Этот внутренний упадок страшно удручал Сашу. Чтобы рассеять себя, и опять стал уезжать из Москвы — куда глаза глядят, лишь бы подальше от людей.
И где-нибудь в поле, в овраге, утомленный ходьбой и жарой, он ложился в кусты, смотрел на тускло блестевшее небо, в прозрачную, темневшую лесами, как будто водную даль, курил и думал, думал.
Дни в первой половине августа стояли чудесные, было знойно, но дышалось легко, и все — и поля в первых стогах, и дальние леса, и отдельные деревья — рисовалось мягко, в особой чистоте и блеске линий, и была в воздухе, в солнечном свете, в красках земли какая-то переизбыточность, золотая теплота зрелости.

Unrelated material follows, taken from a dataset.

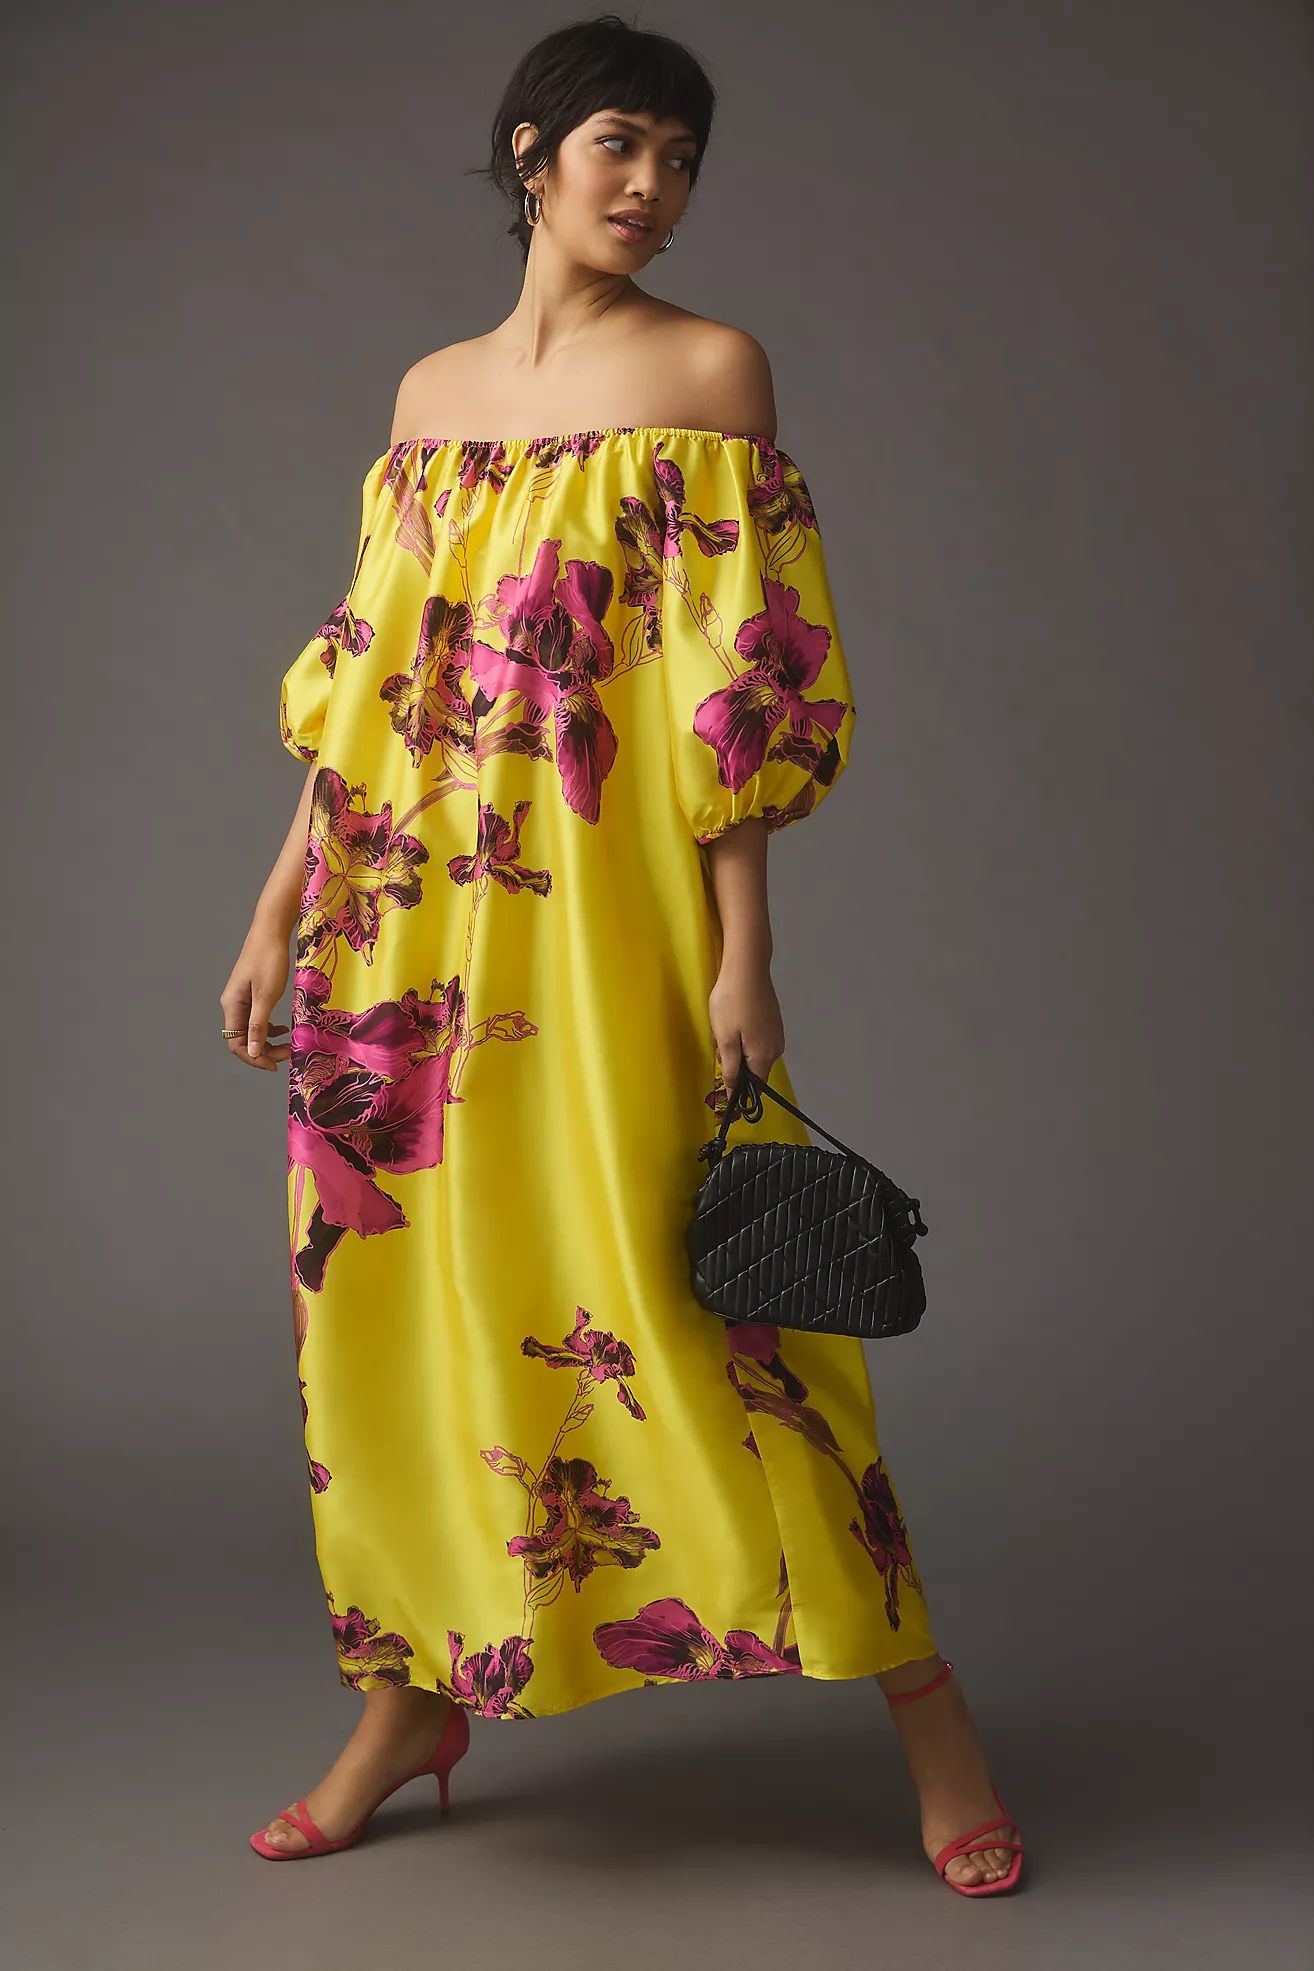 Atsu Off-The-Shoulder Floral Dress | Anthropologie (US)

Саша особенно любил посещать одно место, сказочное в своей прелести. Поля там широким холмом поднимались к лесу, оставляя внизу долину в пестрых, неярких полосах пашен, черных гнездовьях деревень, синей черноте далекого бора, в остром блеске извилистой реки на скошенном, ровном, как стол, лугу, голубом тумане рощ и в белых, сияющих точках едва видного, на самый горизонт закинутого монастыря.
На этом холме Саша проводил целые дни и так успокаивался там, что и вся его жизнь представлялась ему радостной, спокойной, счастливой.
Но как только он приезжал в Москву и видел ее огни, вознесенные в черноту ночи, ее рестораны, кино, почти подневному светлые площади с фантастической, роящейся толпой, с виденьями женщин, смятенье снова охватывало Сашу, он вспомнил Лидино, и Анна Сергеевна, представившая перед ним и как бы ощутимая в каждой своей черте, в нежности своих одежд, в тепле своей близости, в очаровании блестящих глаз, в безмолвном обещании, опять влекла, влекла.
VIII
И все-таки, несмотря на отдельные порывы с каждой новой поездкой Саши в Лидино, становилось все ясней, что он лишь стремится поддержать, то чему уже сам не верит и чему должен наступить конец.
Приезжая в Лидино, Саша теперь не только не был оживлен по-прежнему, но и не сохранял той напускной холодности, с которой явился в первый раз после продолжительного отсутствия. Он был удручен и растерян и не мог этого скрыть.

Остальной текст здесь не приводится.